■ What you have to do: If a line below falls between the line with "spaceship - Stock Image" and the line with "The Flash by Grant Morrison & Mark Millar", or is one of those two, output it exactly; output nothing else and no pictures.

■ Data records:

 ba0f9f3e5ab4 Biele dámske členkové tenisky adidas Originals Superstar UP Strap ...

==

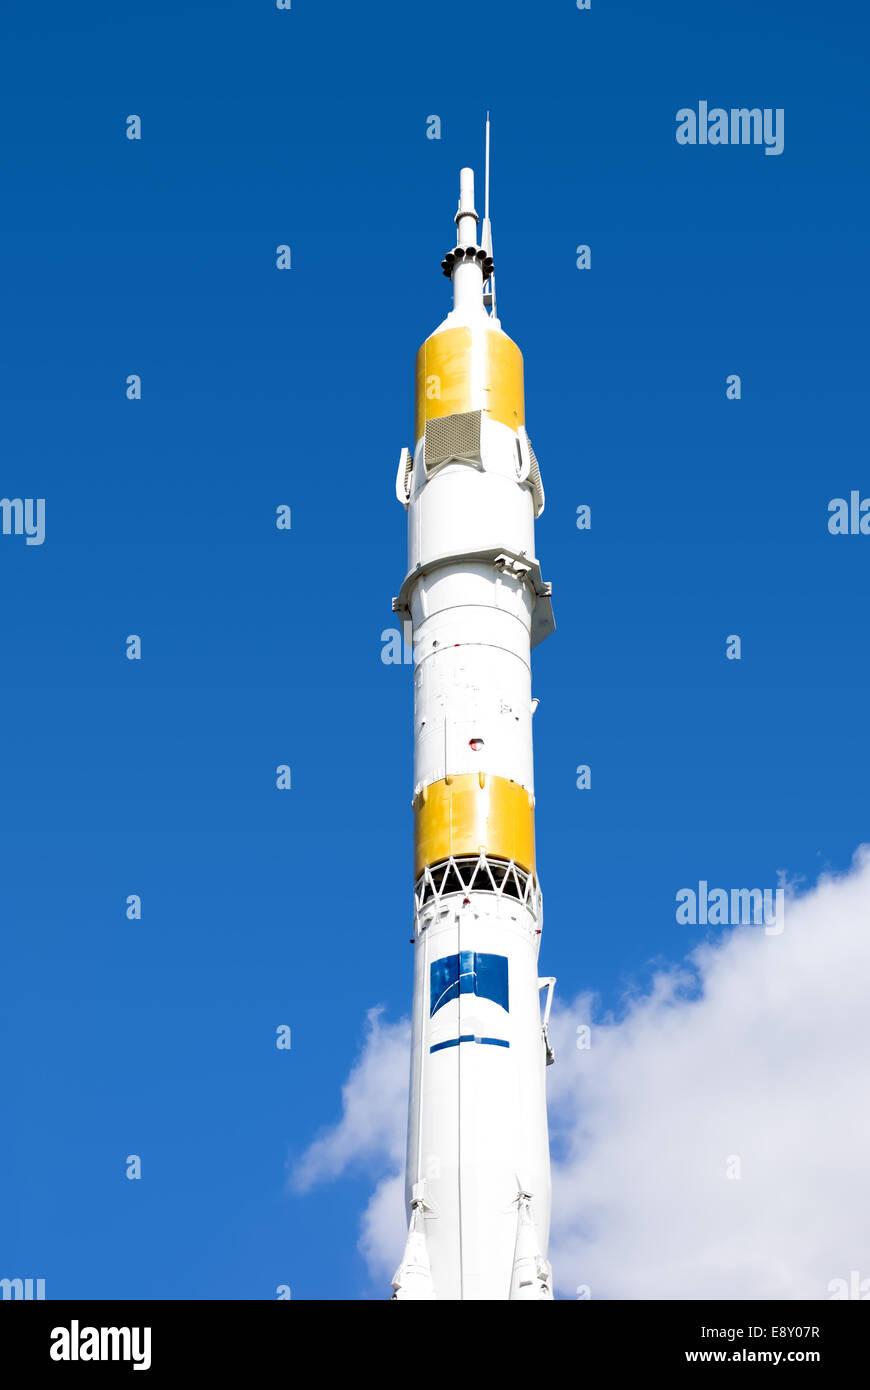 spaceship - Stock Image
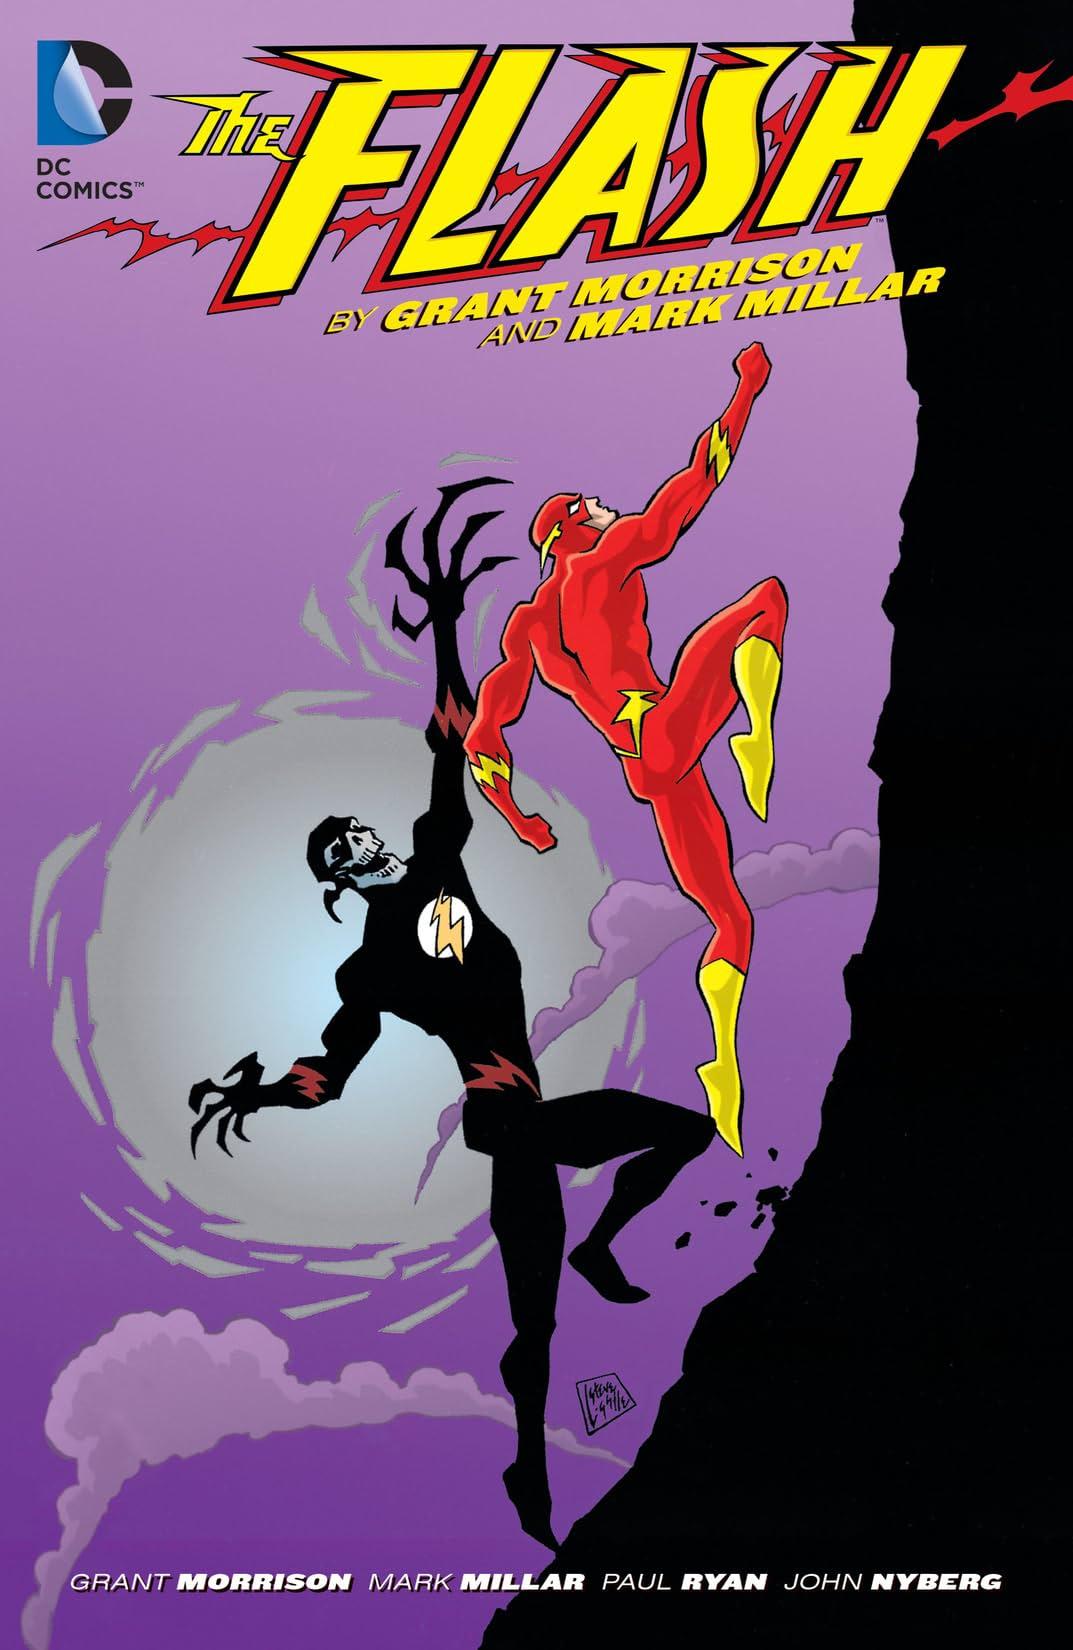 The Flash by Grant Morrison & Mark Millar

■ Result of this task:
 spaceship - Stock Image
 The Flash by Grant Morrison & Mark Millar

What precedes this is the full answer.